К Черным Пескам ведет длинный и крутой спуск, но вид вокруг – дикие цветы и океан – просто поражает. Пока мы с Тофом шагаем вниз, люди идут наверх – парочками, запыхавшиеся, останавливаясь передохнуть: подъем в тысячу раз труднее спуска. Пока мы вместе спускаемся, до меня доходит, до чего же мы с Тофом похожи, и меня начинает тревожить, как бы кто чего не подумал. Он уже почти с меня ростом, и у него такая смазливая физиономия, что нас вместе, особенно на этом пляже, вполне могут принять за парочку из НАМБЛА[186], а если нас увидит какой-нибудь нехороший человек, то обязательно напишет донос, и тогда придут из агентства по охране детства, его отдадут в приемную семью, и мне придется его оттуда вытаскивать – мы отправимся в бега, уйдем в подполье и будем питаться отвратительной едой…

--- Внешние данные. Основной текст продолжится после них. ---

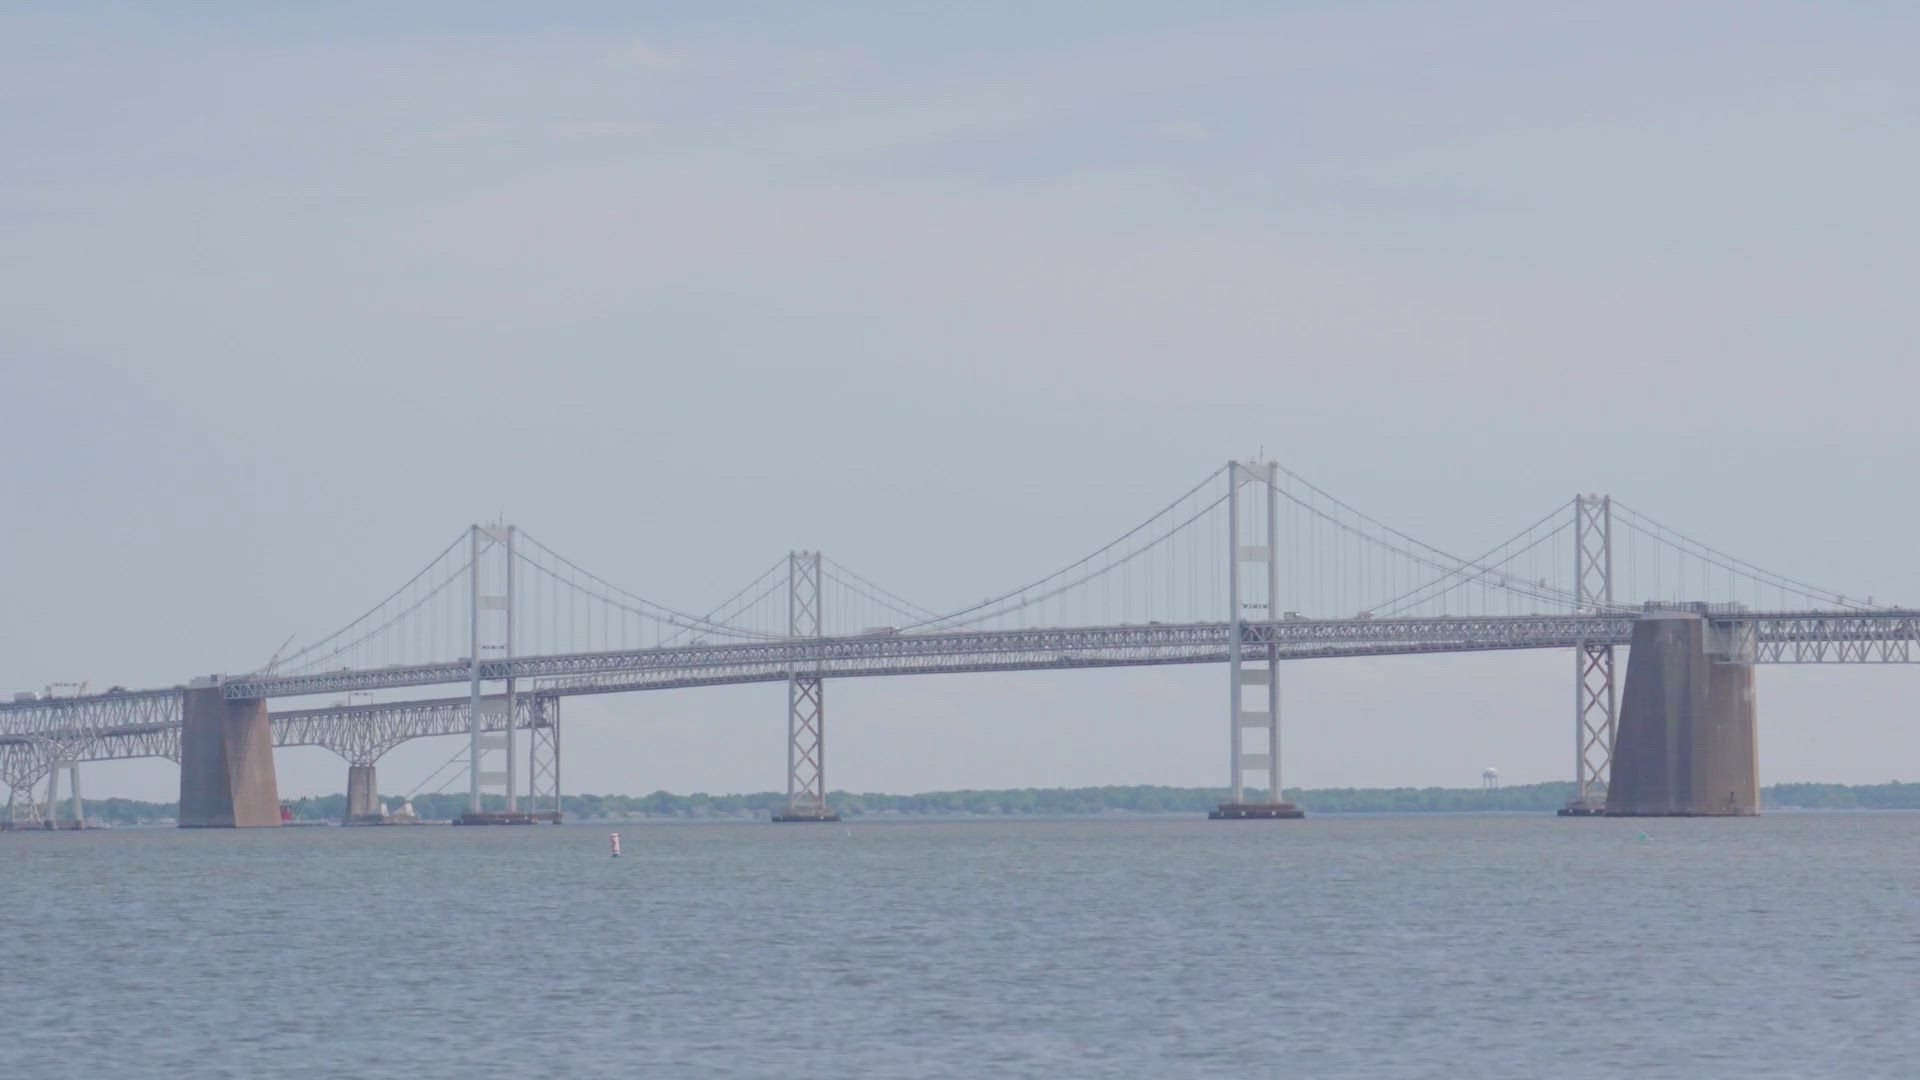 The summer season sends millions across the Chesapeake Bay Bridge. The bridge spans one of the East Coast's busiest shipping channels.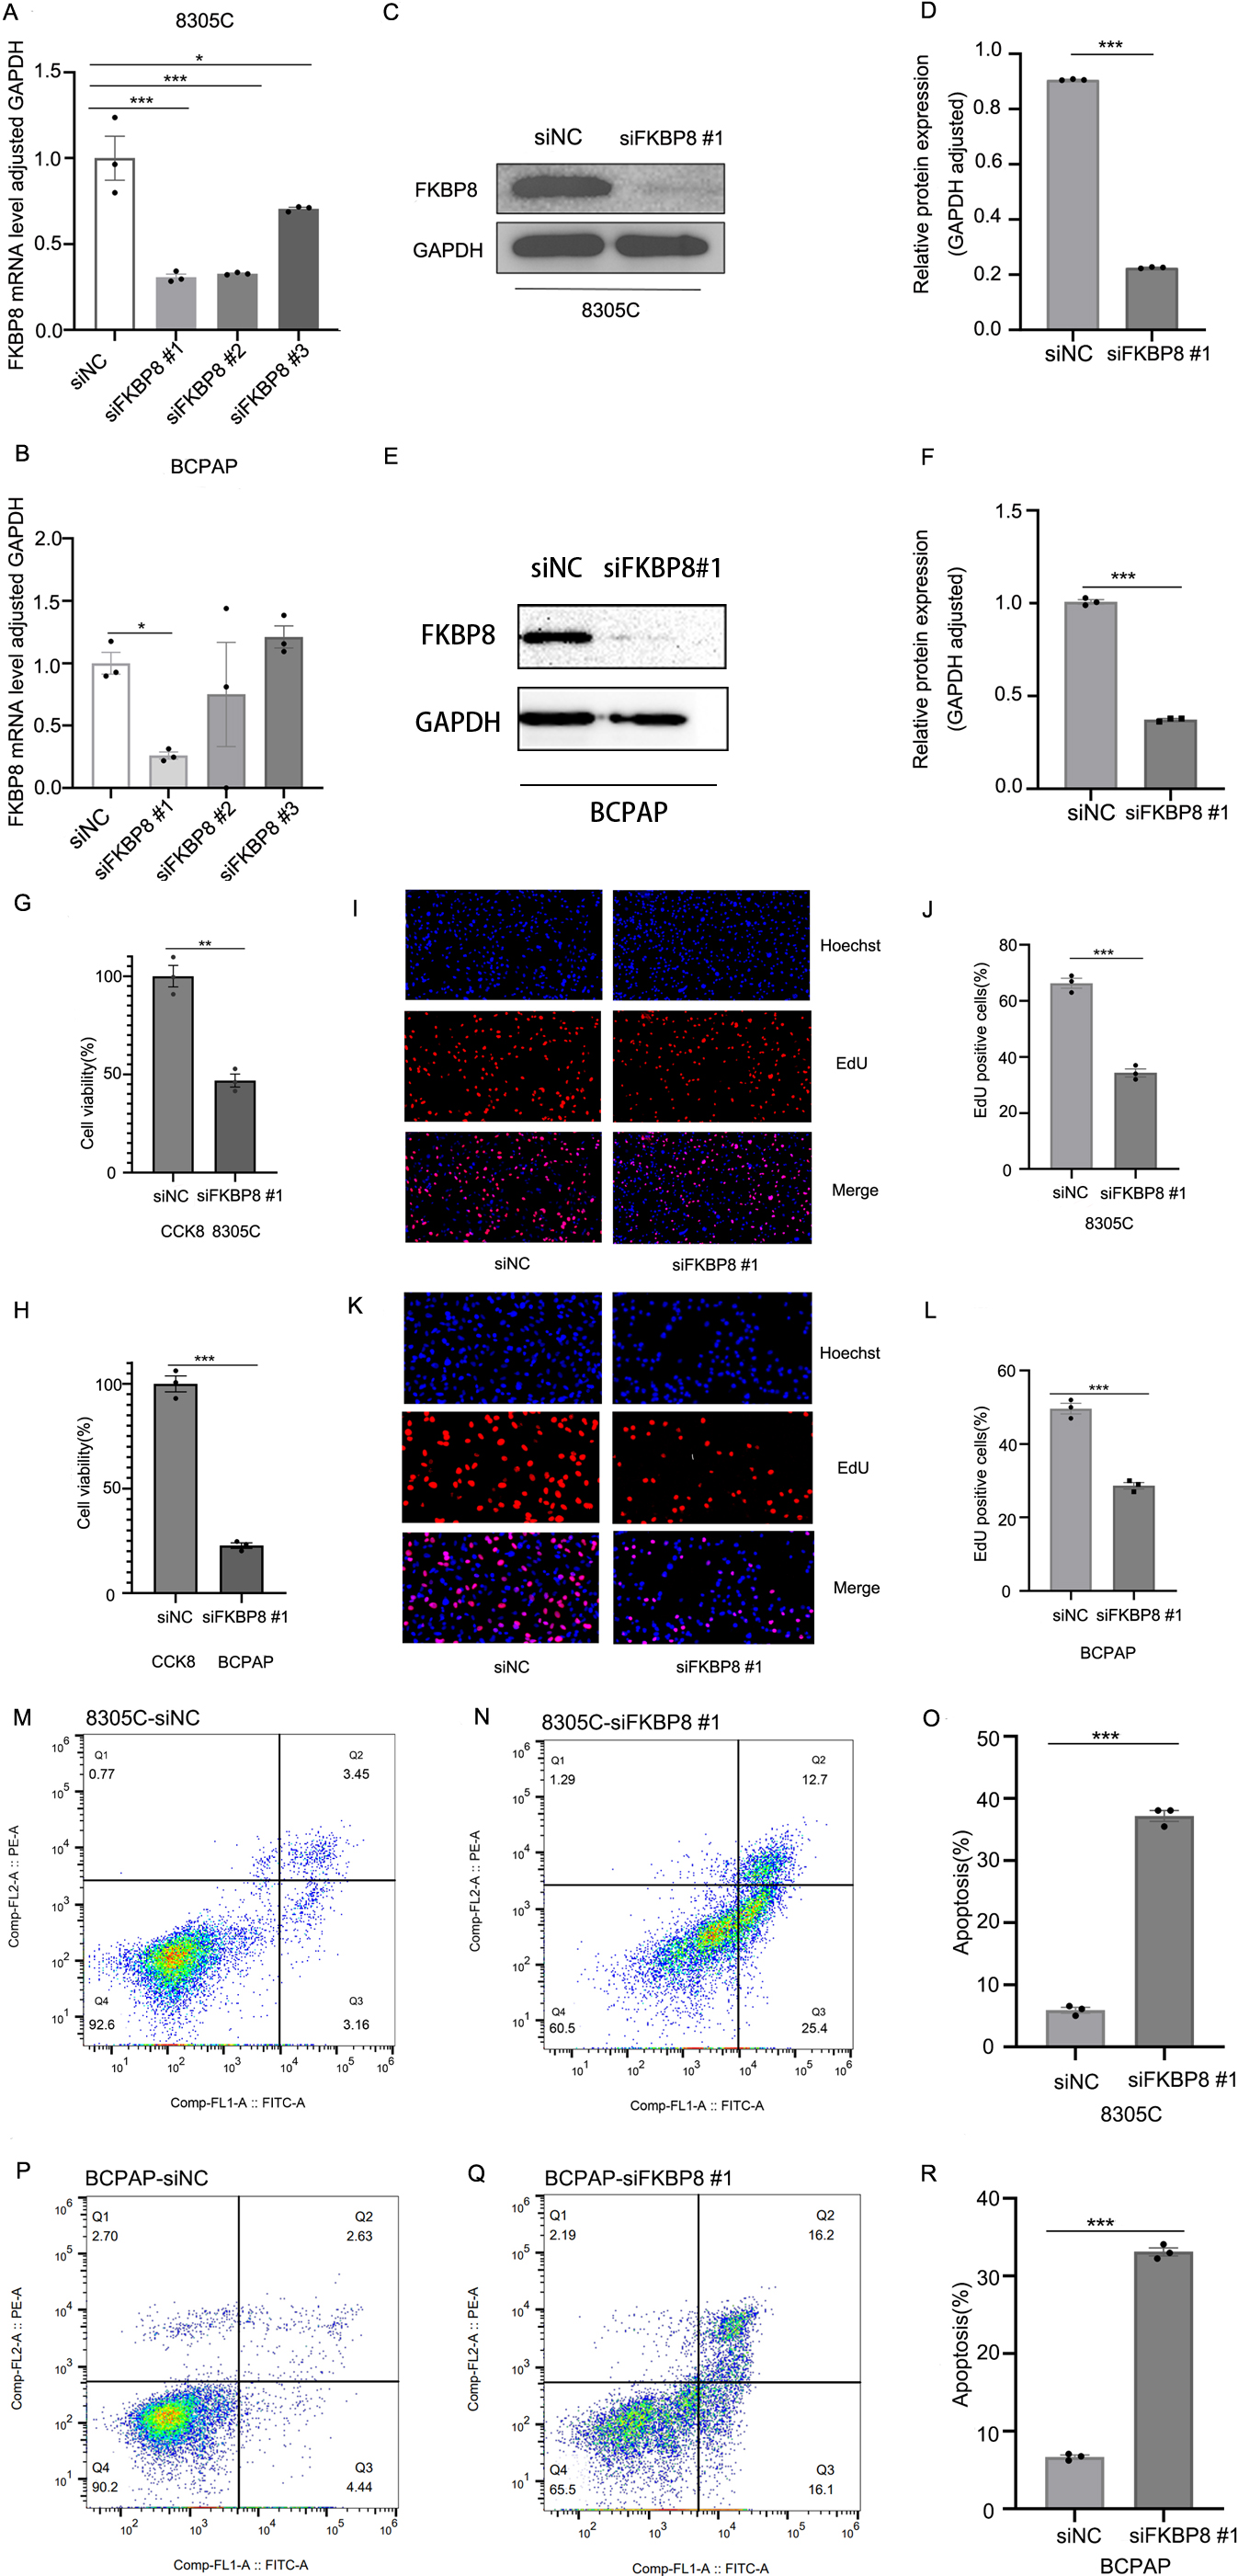 Knockdown of FKBP8 expression suppresses the cell proliferation and induces apoptosis in TC cells. The expression of FKBP8 mRNA and protein was detected in both 8305C and BCPAP cells transfected with FKBP8 siRNAs (siFKBP8) or negative control siRNA (siNC) using RT-qPCR (A, B) and western blot analysis (C-F), respectively. Data are represented as mean ± SD from three independent experiments (*P < 0.05 and ***P < 0.001). (G, H) The cell proliferation was determined in 8305C and BCPAP cells transfected with siFKBP8 or siNC using CCK-8 assays. Data are represented as mean ± SD from three independent experiments (**P < 0.01 and ***P < 0.001). (H-L) The EdU assays were used to calculate the cell proliferation in 8305C and BCPAP cells transfected with siFKBP8 or siNC. Data are represented as mean ± SD from three independent experiments (***P < 0.001). (M-R) The flow-cytometry-based apoptosis assay was performed in 8305C and BCPAP cells transfected with siFKBP8 or siNC. Data are represented as mean ± SD from three independent experiments (***P < 0.001).

Такое ощущение, что пляж очень, очень далеко. Завсегдатаи Черных Песков – по большей части голые гомосексуалисты, еще там бывает некоторое количество голых гетеросексуальных мужчин и гетеросексуальных женщин, а остальной контингент составляют одетые люди, вроде нас, или редкие китайцы-рыбаки. Мы бросаем все посреди пляжа, там, где останавливаются и садятся семьи, если у них хватает духа сюда спуститься. Разуваемся, снимаем рубашки, оглядываем берег – влево и вправо. У Тофа есть мысль:
– Знаешь, что я думаю.
– Да. Хотя нет.
– Надо, чтобы каждый, хотя бы один раз в жизни, смог оживить какую-нибудь вещь, которая ему нравится, и с ней подружиться.
Мне надо сделать паузу. Поощрять его или не надо?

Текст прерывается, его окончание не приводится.